Calibrated Adaptation: Bayesian Stiefel Manifold Priors for Reliable Parameter-Efficient Fine-Tuning

arXiv:2602.17809v1 Announce Type: new
Abstract: Parameter-efficient fine-tuning methods such as LoRA enable practical adaptation of large language models but provide no principled uncertainty estimates, leading to poorly calibrated predictions and unreliable behavior under domain shift. We introduce Stiefel-Bayes Adapters (SBA), a Bayesian PEFT framework that places a Matrix Langevin prior over orthonormal adapter factors on the Stiefel manifold $St$ and performs approximate posterior inference via tangent space Laplace approximation with geodesic retraction. Unlike Gaussian priors in flat space projected onto orthogonality constraints, our prior on the manifold naturally encodes the inductive bias that adapter subspaces should be well conditioned and orthogonal, while the posterior provides calibrated predictive uncertainty without recalibration. We prove formally that the tangent space approximation strictly avoids the structural variance inflation inherent in projecting from ambient space, establishing a rigorous theoretical advantage for intrinsic manifold inference.

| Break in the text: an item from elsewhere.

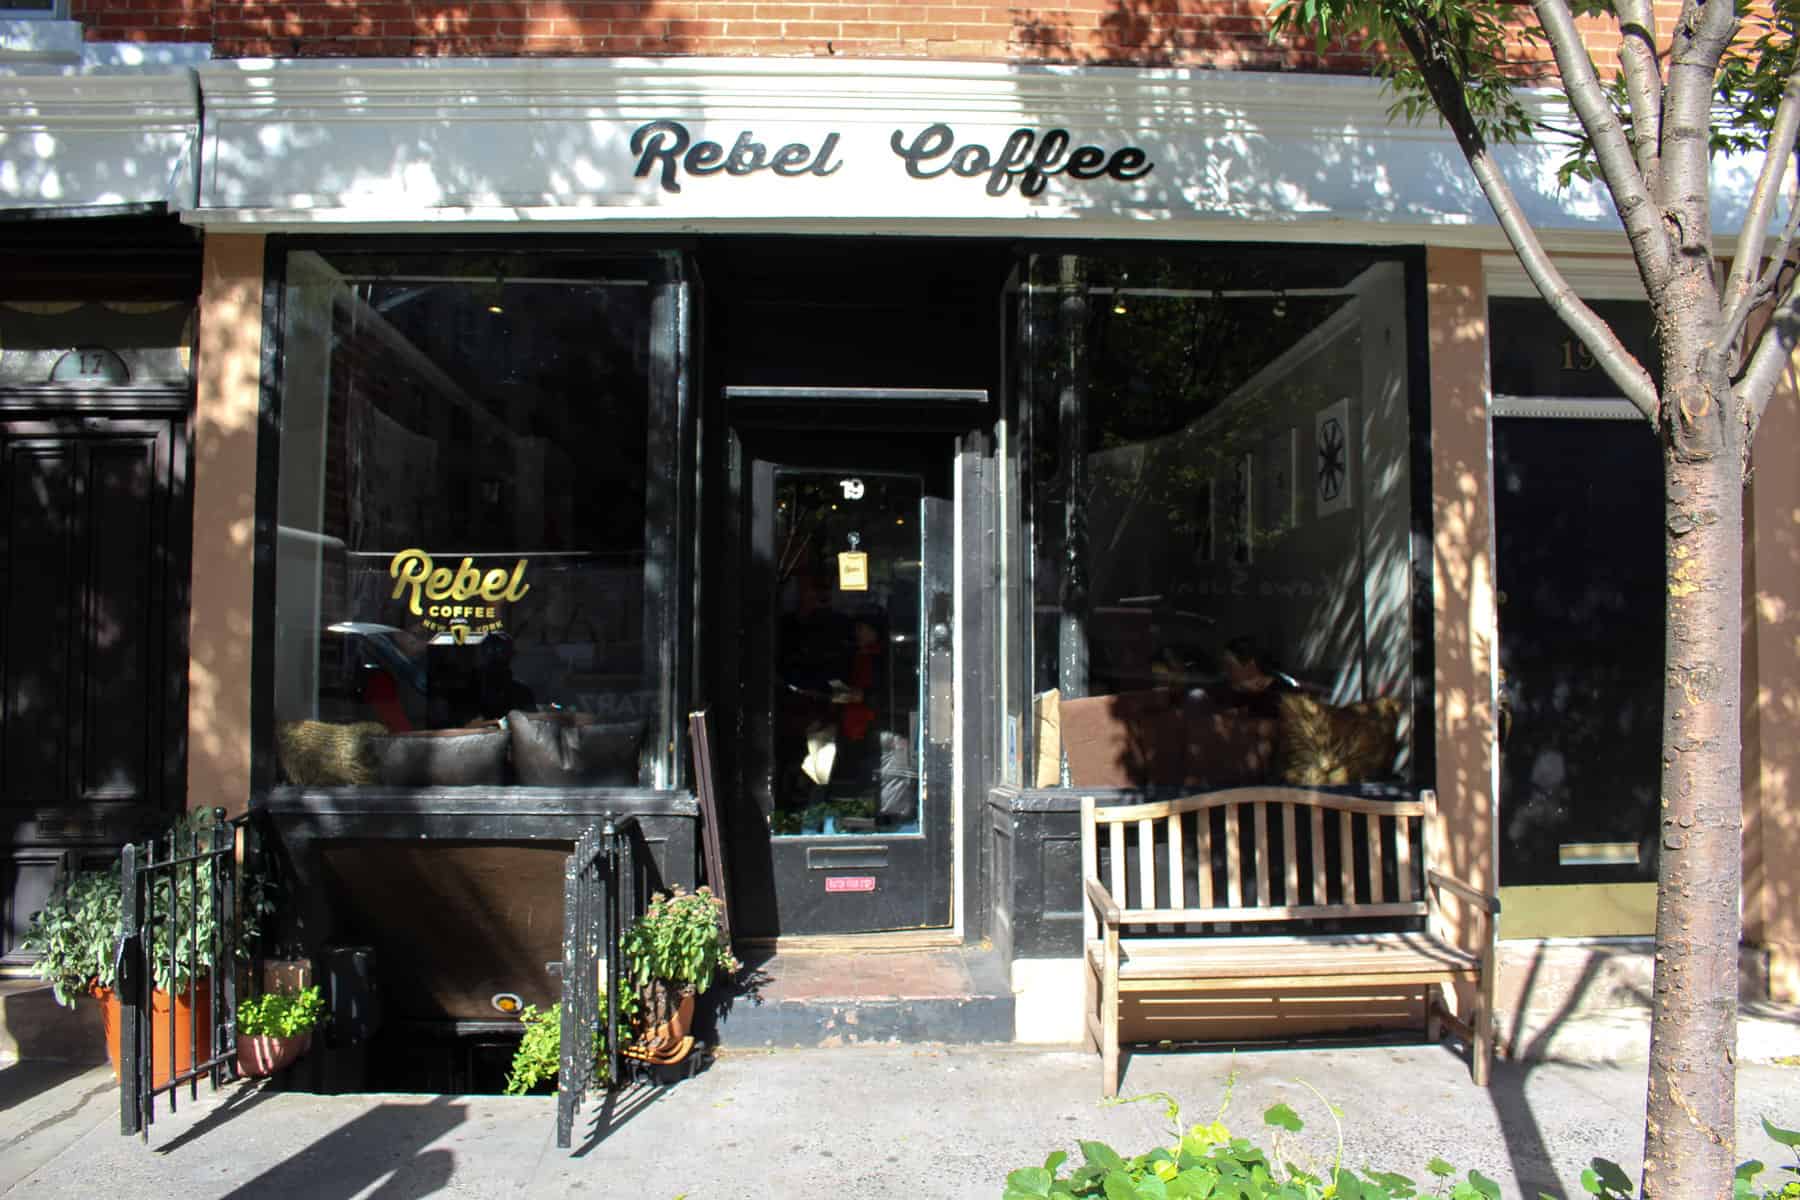 Rebel Coffee Shop

Across GLUE and SuperGLUE benchmarks on RoBERTa-large, LLaMA-2-7B, LLaMA-2-13B, Mistral-7B, and Qwen2.5-7B, domain shift evaluations, selective prediction protocols, and an abstractive summarization task, SBA achieves task performance comparable to LoRA and DoRA while reducing Expected Calibration Error by 18 to 34% over deterministic baselines, improving selective prediction AUROC by 12 to 25% under domain shift, and outperforming deep ensembles of five LoRA models on OOD detection at a fraction of the parameter cost. Our results demonstrate that where you place uncertainty, on the right geometric structure, matters more than simply adding any Bayesian treatment to adapters.